→ Task details
The copy should hold exactly the lines below from the one that contains "Black sleeve panel club wear shirt" through the one that contains "6 Passenger Top View Interior" and nothing else, so no pictures.

→ Input

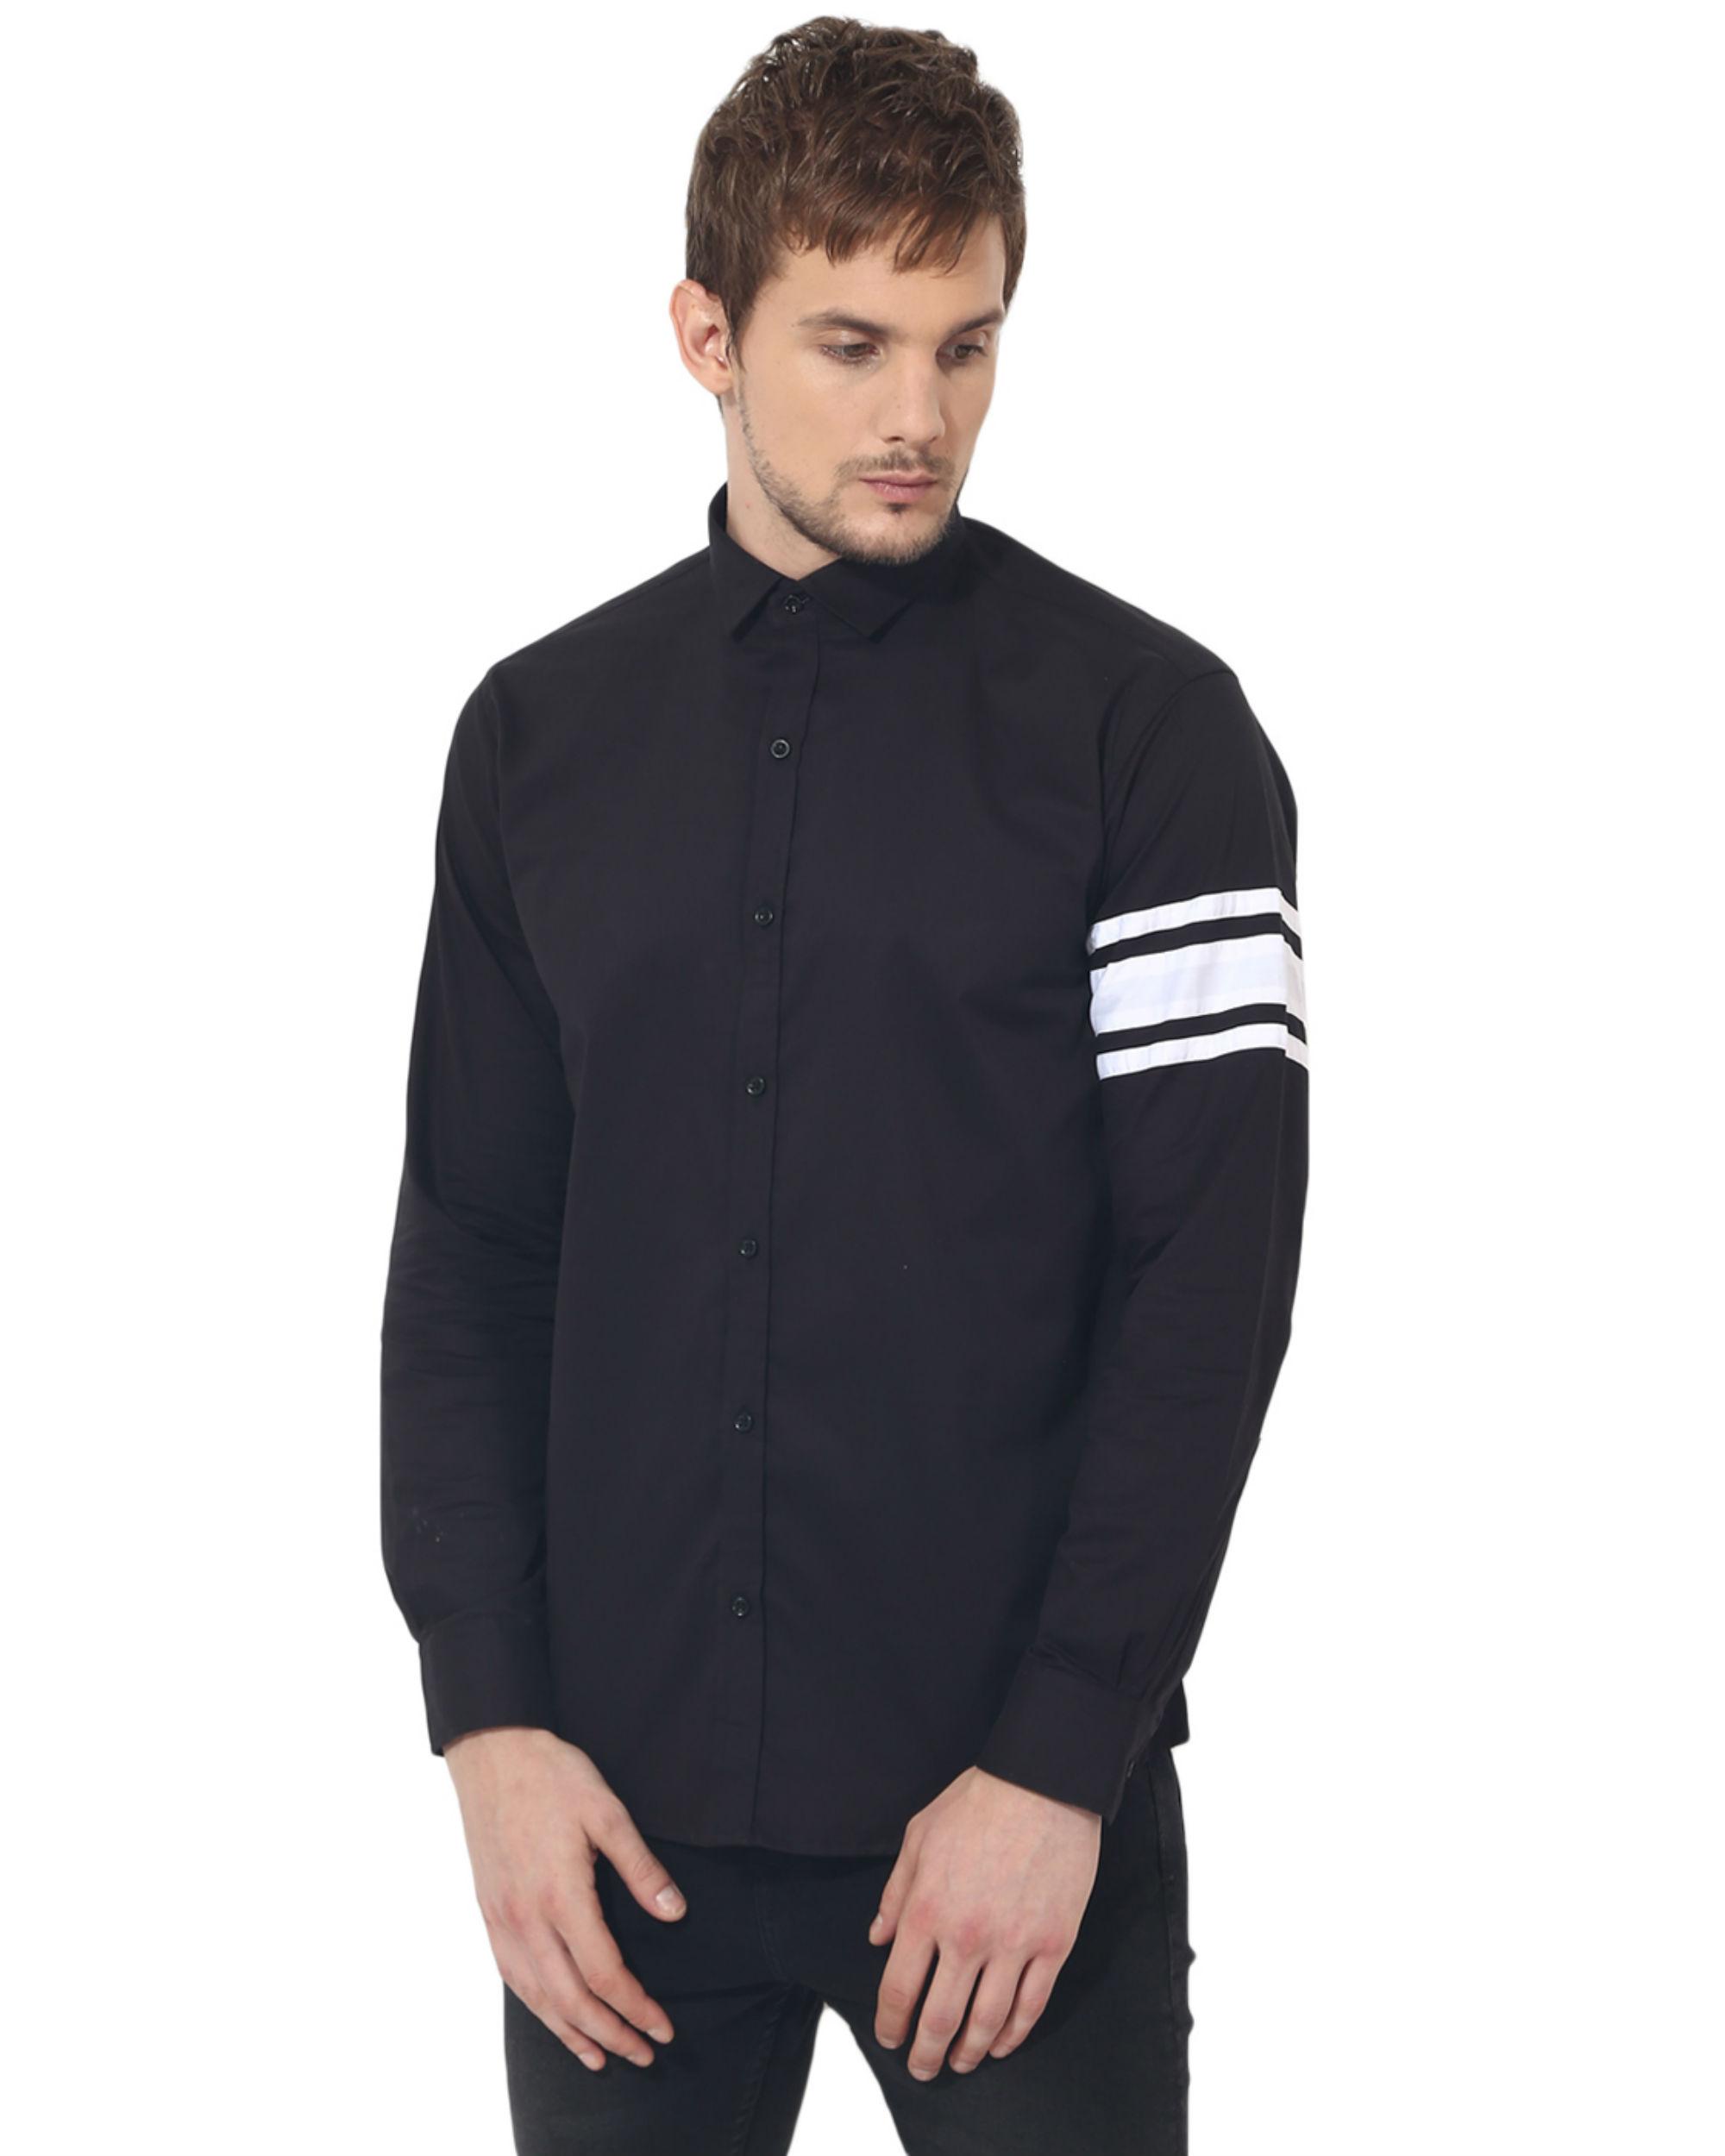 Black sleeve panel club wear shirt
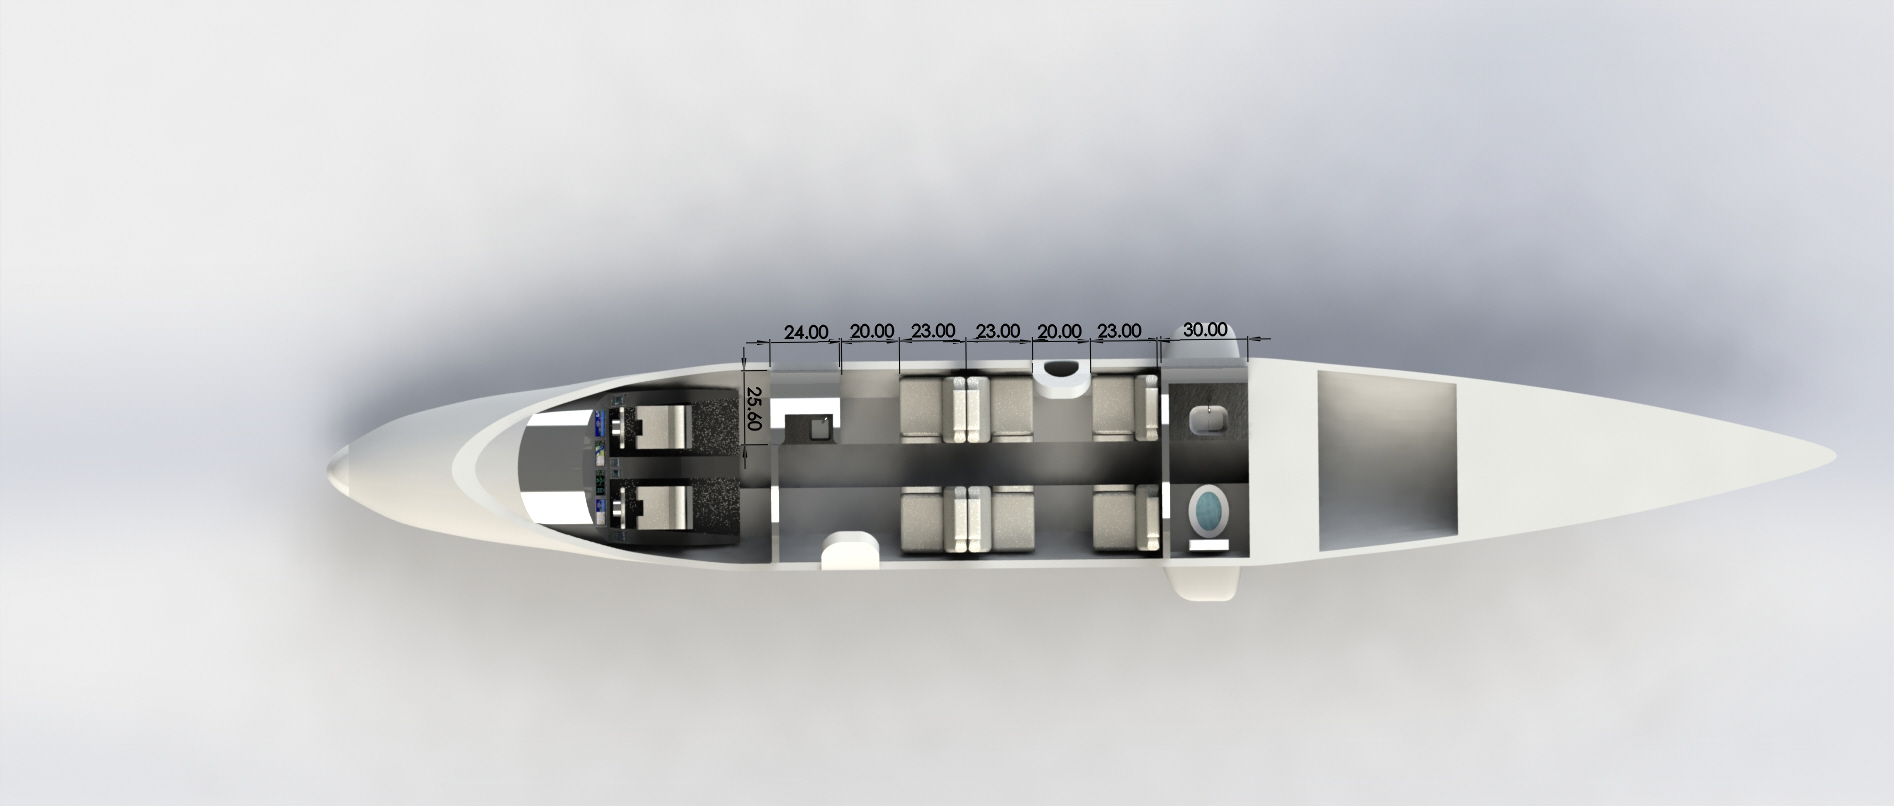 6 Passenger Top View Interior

==

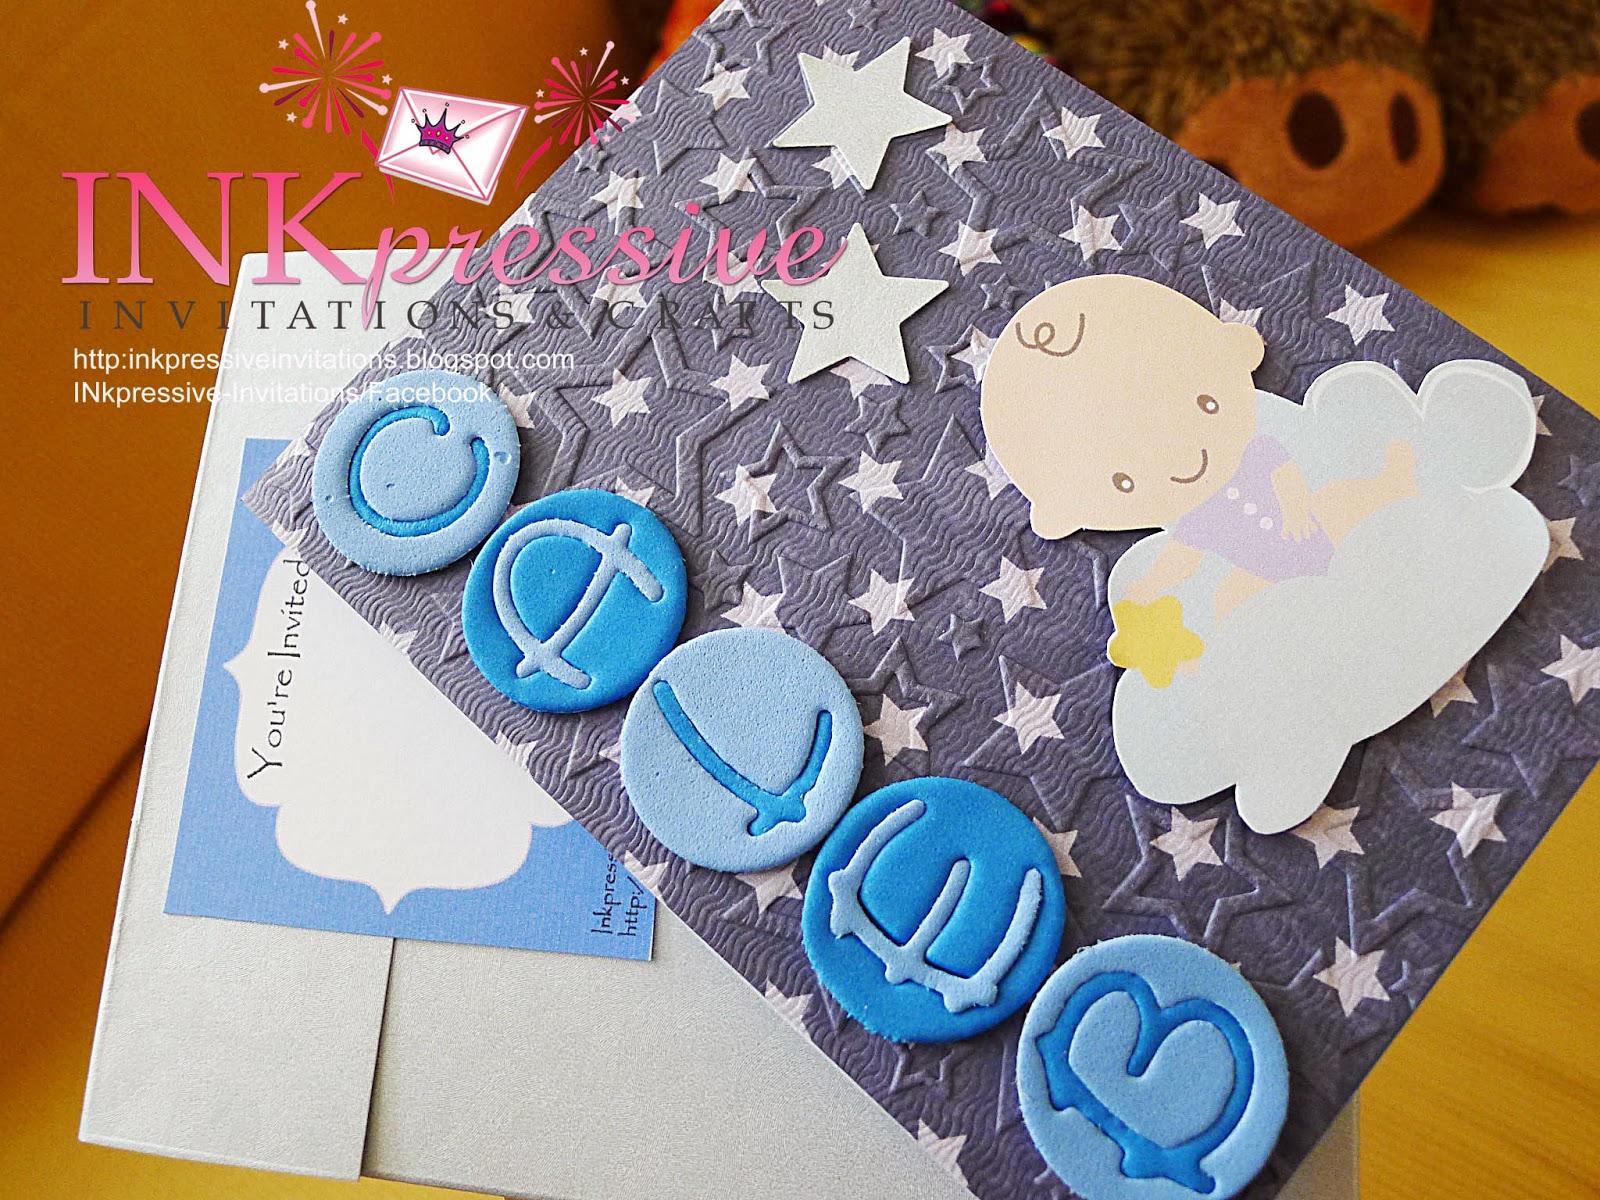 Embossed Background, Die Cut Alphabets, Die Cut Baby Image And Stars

==

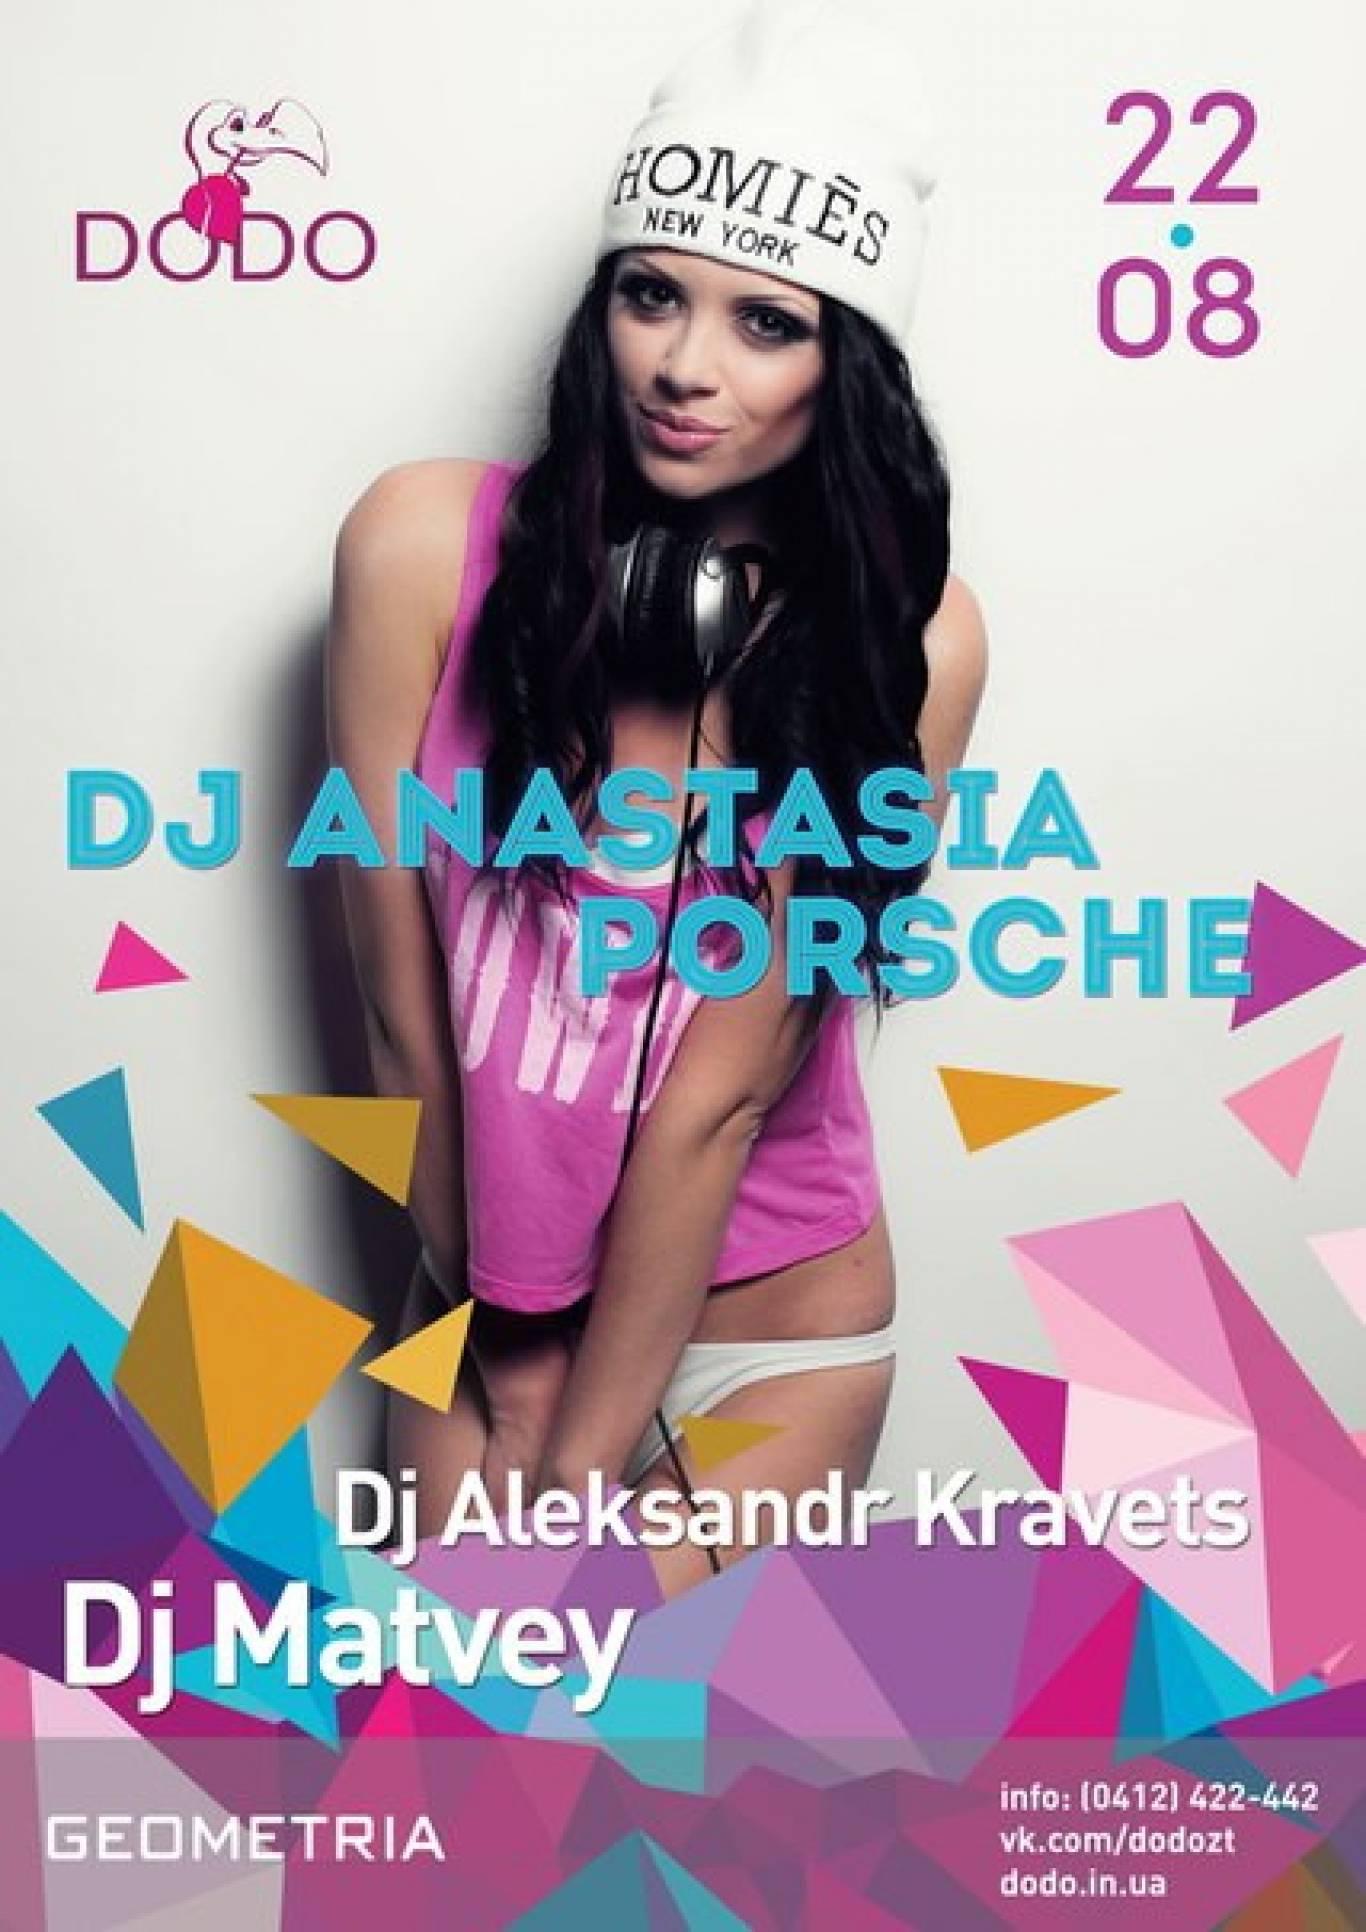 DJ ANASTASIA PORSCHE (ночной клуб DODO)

→ Response to this exercise
 Black sleeve panel club wear shirt
 6 Passenger Top View Interior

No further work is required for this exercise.